Há momentos na vida, porém, em que precisamos deixar o medo de lado, senão jamais teremos a chance de conhecer certas coisas fantásticas que existem nesse mundo. Decidi que iria voar de planador, ainda que fosse para desmaiar quando estivesse lá em cima (e caso isso ocorresse, ficaríamos sem matéria para colocar no jornal, a não ser que eu concentrasse a narrativa nos instantes que tivessem sucedido meu hipotético ataque).
Mas não tive ataque, nem senti tanto medo. Antes de o vôo começar, foram tomadas várias medidas de segurança, entre elas, a colocação de um pára-quedas balístico, que se aciona automaticamente em caso de algum acidente.
Quem me acompanhou no passeio foi Bruno Serraipa, 21 anos de idade. Embora tenha relativamente poucos anos de vida, é bastante experiente no vôo a vela. Começou no mundo dos planadores quando tinha 15 anos e hoje já pilota monomotores.
“Seremos levados por aquele aeroboero (nome do avião que reboca planadores) até uma altitude de 500 metros. Depois disso, soltarei o cabo que conecta nossa aeronave ao rebocador e iremos usar as térmicas para nos mantermos no ar”, explicou-me Bruno. Antes de subir, porém, tivemos de checar todos os equipamentos do planador.
Cintos de segurança travados, controles funcionando, tudo ok para levantarmos vôo. “Faça sinal de positivo para que possamos começar”, disse Bruno. As hélices do aeroboero começaram a girar com mais e mais rapidez; o cabo que rebocava nosso planador se esticou e começamos e nos mover; benzi-me o máximo de vezes possível. Tive uma estranha sensação de leveza e olhei para fora da aeronave. Já não estávamos mais tocando o solo. “Deus me proteja!”
A pista foi ficando cada vez menor, e os edifícios da zona sul iam perdendo a imponência que lhes é característica. Parecia tudo um jogo de Playmobil (linha de brinquedos que consiste em pequenos bonecos com partes móveis e uma série de objetos vendida mundialmente. “Quantas piscinas!”, exclamei, ao olhar para os quintais das residências localizadas nas imediações do Aeroclube.

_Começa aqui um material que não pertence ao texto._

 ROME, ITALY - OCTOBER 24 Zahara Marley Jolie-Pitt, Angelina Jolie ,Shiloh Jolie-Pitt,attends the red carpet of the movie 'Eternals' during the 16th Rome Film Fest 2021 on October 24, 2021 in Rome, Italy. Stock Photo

“Sabe que isso é uma coisa que sempre me chama a atenção, quando estou voando por aqui. Parece até que todo mundo em Bauru tem piscina em casa - menos eu”, brincou Bruno.
O planador - um Puchacz de fabricação polonesa - foi subindo, até que chegamos ao limite de 500 metros. “Prepare-se, vamos nos desconectar do aeroboero”, disse o piloto. E soltou o cabo. O planador fez uma curva de quase 360 graus, e tentei manter minha vista fixa em um ponto no horizonte (isso evita enjôos e mal-estar).

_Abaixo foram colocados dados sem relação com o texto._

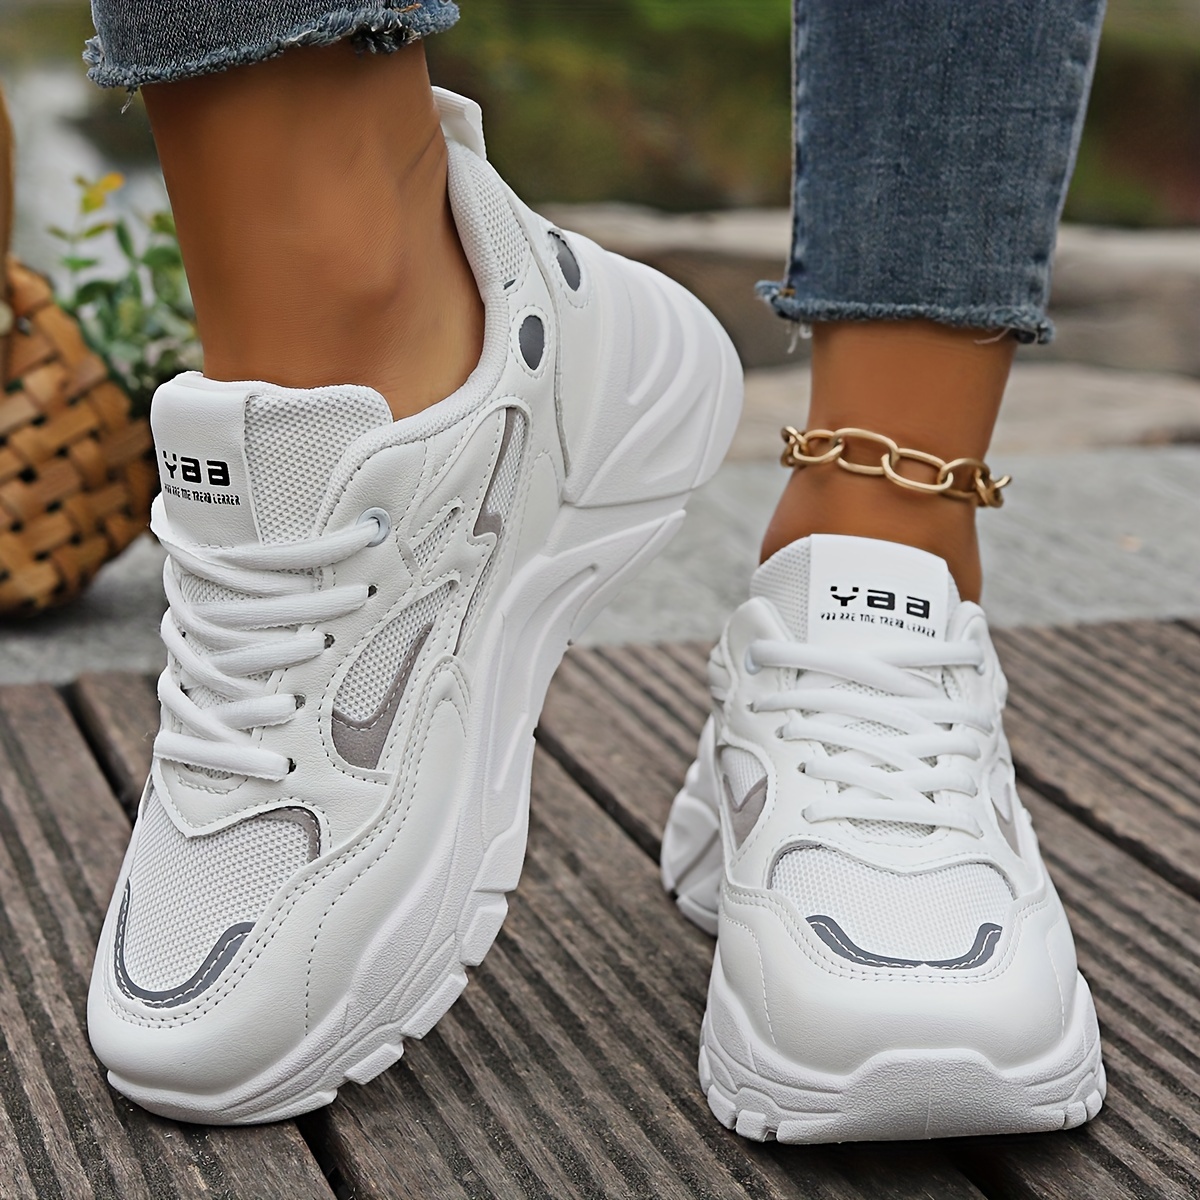 

Women's Colorblock Casual Sneakers, Lace Up Soft Sole Platform Walking Shoes, Low-top Breathable Trainers

Só que meu pescoço estava travado, minha cabeça meio pendida para a direita. “Pode se endireitar e aproveitar a viagem”, recomendou o piloto. Olhei adiante: dava para ver cidades vizinhas - Lençóis Paulista, Agudos, Piratininga - em detalhes. “Ficam parecendo um ovinho, não é?”, comentou Bruno.

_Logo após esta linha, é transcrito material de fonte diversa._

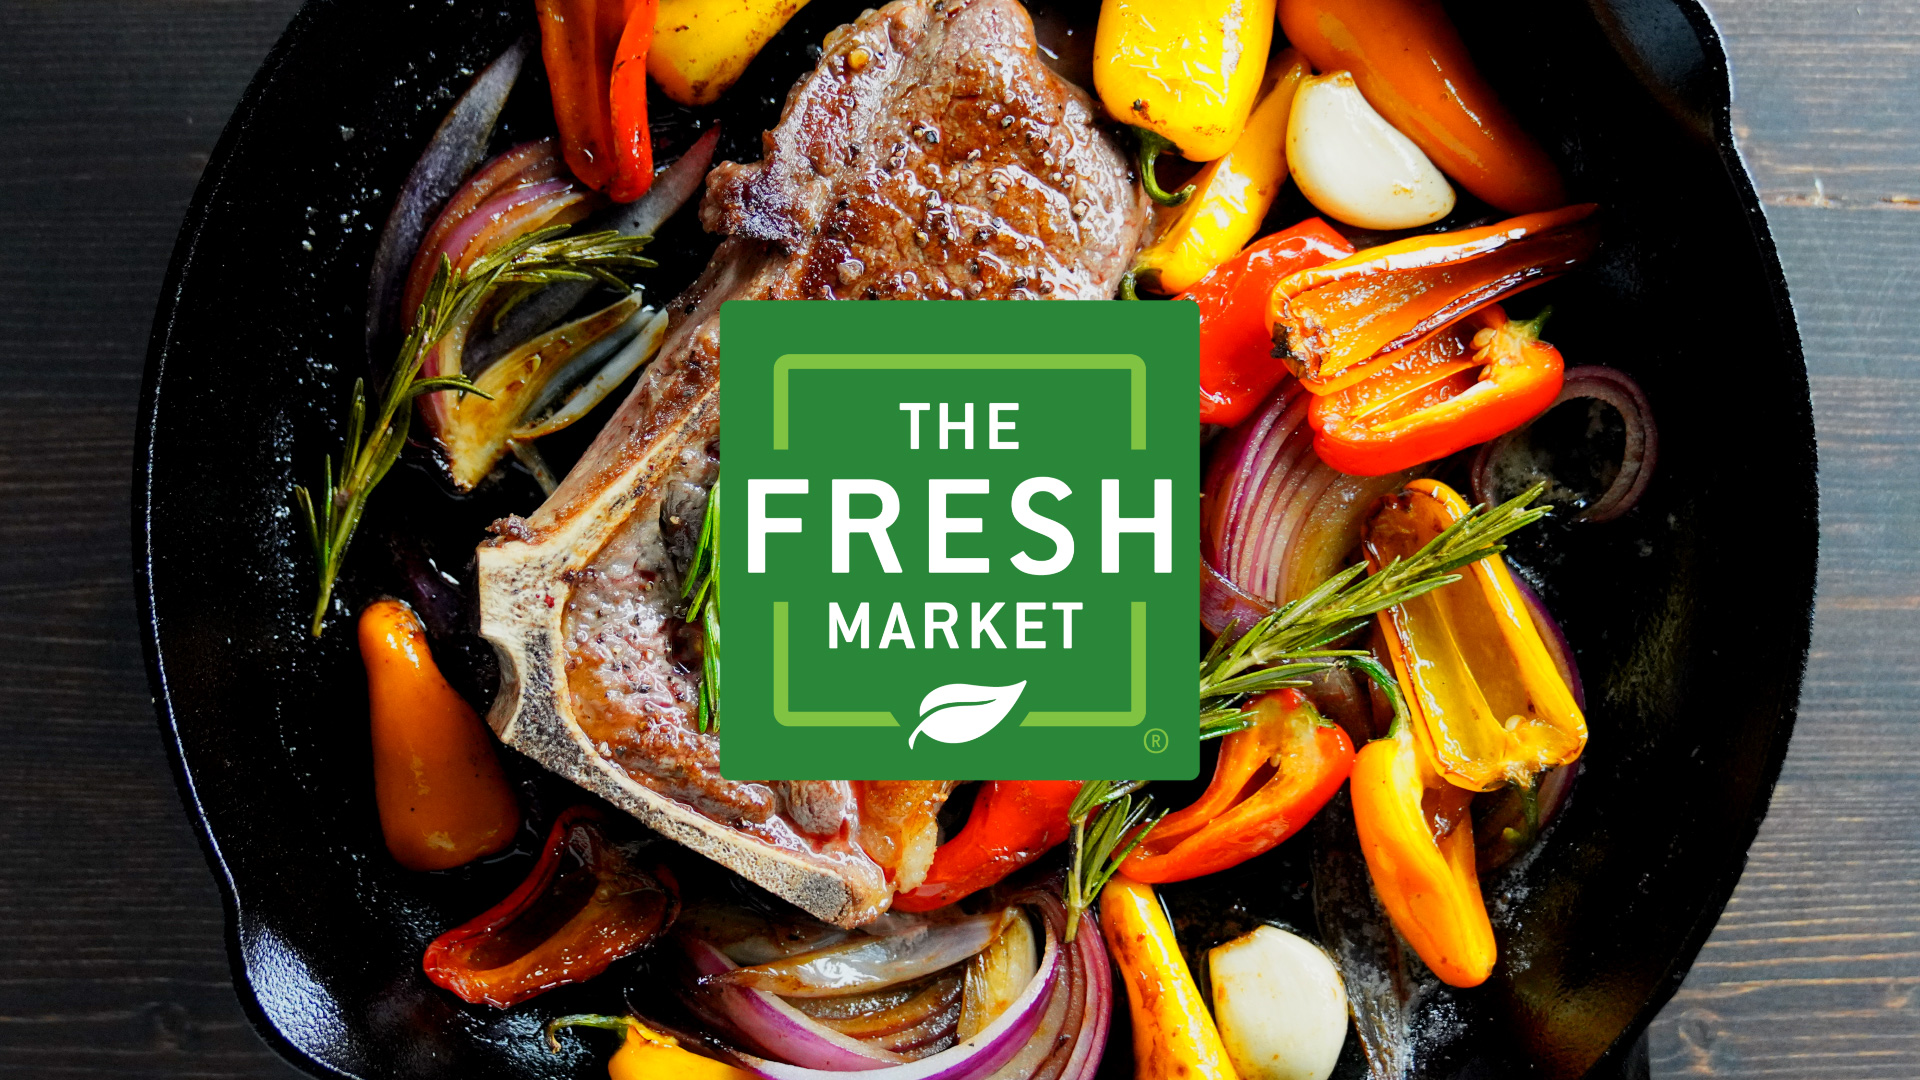 The Fresh Market food photography ad by K2 Productions

Pareciam mesmo. Tudo pequeno, quanta vida lá embaixo. Do alto, o mundo ganha uma dimensão nova. Passamos a ver como o universo vai bem além daquilo que está ao alcance de nossa vida. Pena que foram só 20 minutos. Mas que minutos! Quando ele alinhou o planador para que iniciássemos a aterrizagem, fiquei um pouco chateado. Deu vontade de dizer: “Mas já?”
Só que não disse nada. Ao final do passeio, as pessoas que estavam no solo dando suporte ao nosso vôo perguntaram-me o que eu havia achado da experiência. “Muito boa”, respondi sorrindo. Minhas pernas estavam meio bambas e, embora eu tentasse disfarçar, tremia feito vara verde. Algum dia ainda supero esse meu medo de altura. Mas que voar de planador foi bom, isso não dá para negar.